Question

Find the center and radius for the circle, given the equation: x^2-14x+y^2+8=16

Answer 1

To find the center of a circle, we must first convert into standard form, in which: (x-h)^2 + (y-k)^2 = r^2, where the center is at (h, k) and the radius=r
So we need to convert our equation x^2-14x+y^2+8=16 into that format.
First, separate the x-terms from the
y-terms: x^2-14x
y^2-0
+8-8=16-8 --> = 8
Second, how do we find the factors for x^2-14x+c and y^2-0x+c ?
Take half of 14 and square it: -7×-7=49=c --> so x^2-14x+49 = (x-7)^2
Y is easier because we have no
x-term (since it's 0x), so y^2 +/-0
= (y-0)^2 which = y^2
Third, we have to find the constant to make the 49 work.

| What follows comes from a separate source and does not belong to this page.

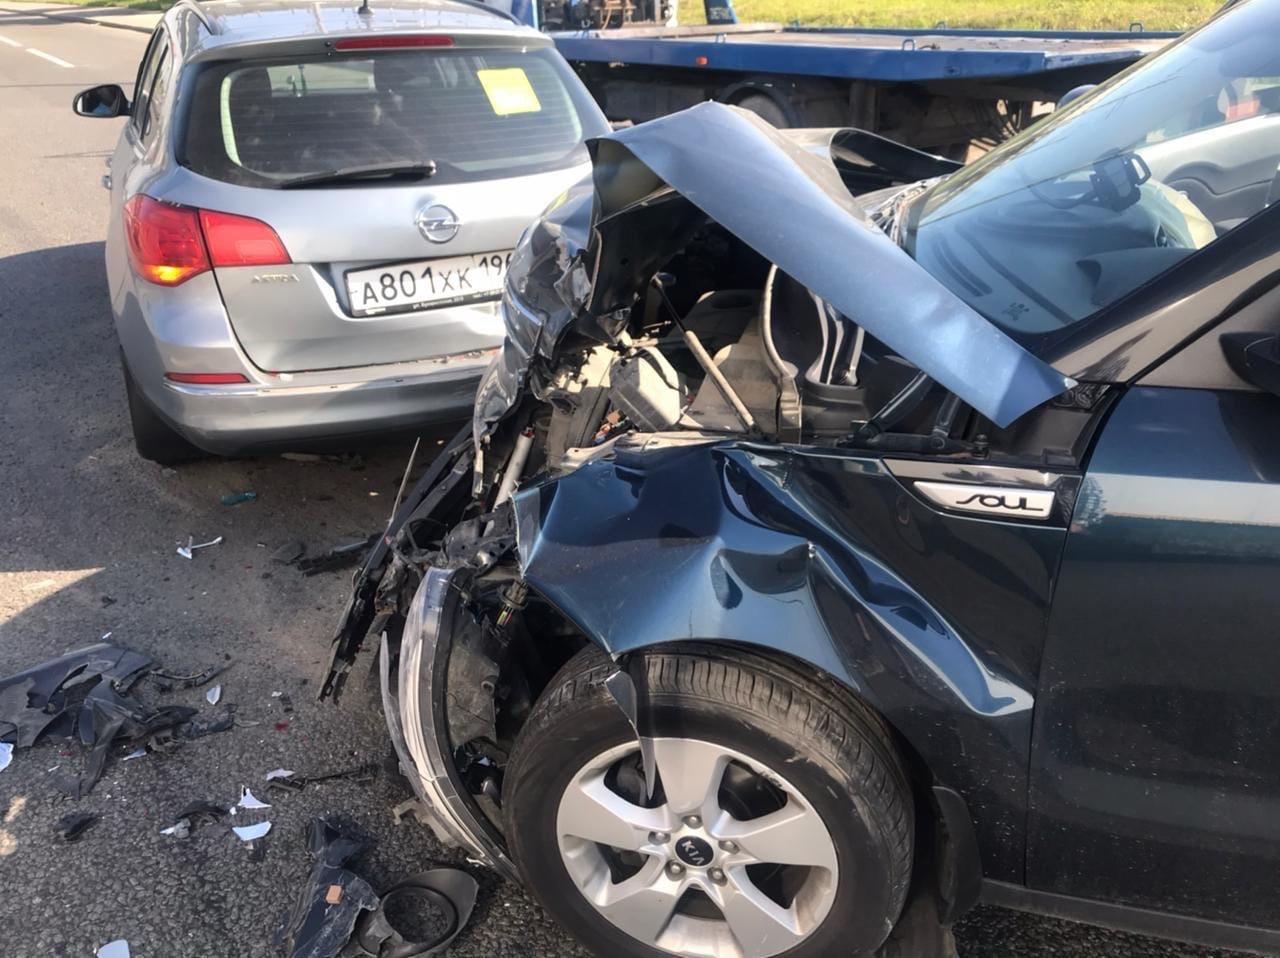 В 7:30 на Витебском проспекте, под ЖД мостом при въезде в СПб водитель Опеля подрезал женщину на Киа...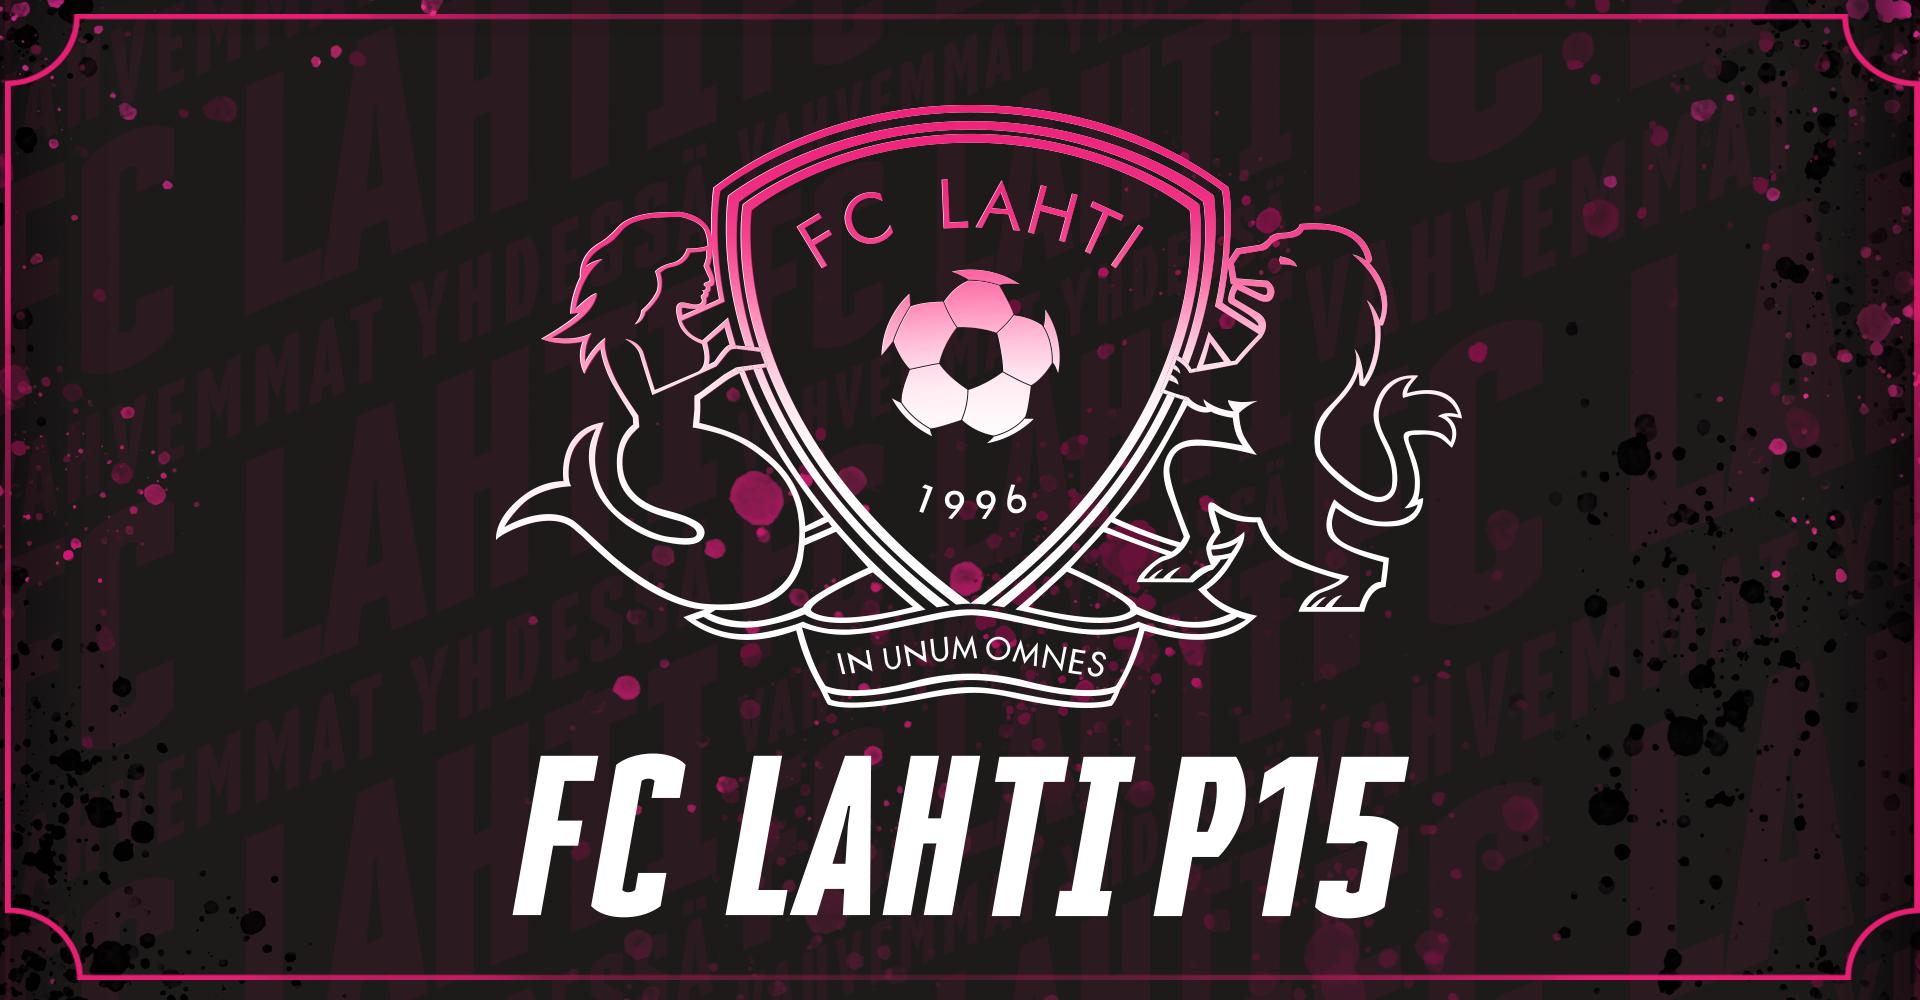 Tervetuloa FC Lahti P15 joukkueen sivuille

Since originally we got it to = 8, we needed 49 to complete the (x-7) square. So add 49 to the right side of the "=" and you get 49+8=57
Now it looks like: x^2-14x+49+y^2=57, but we know that it becomes:
(x-7)^2 + (y-0)^2 = 57
Now it is in standard circle format, and our center (h, k) is (7, 0), and our radius becomes the square root of 57.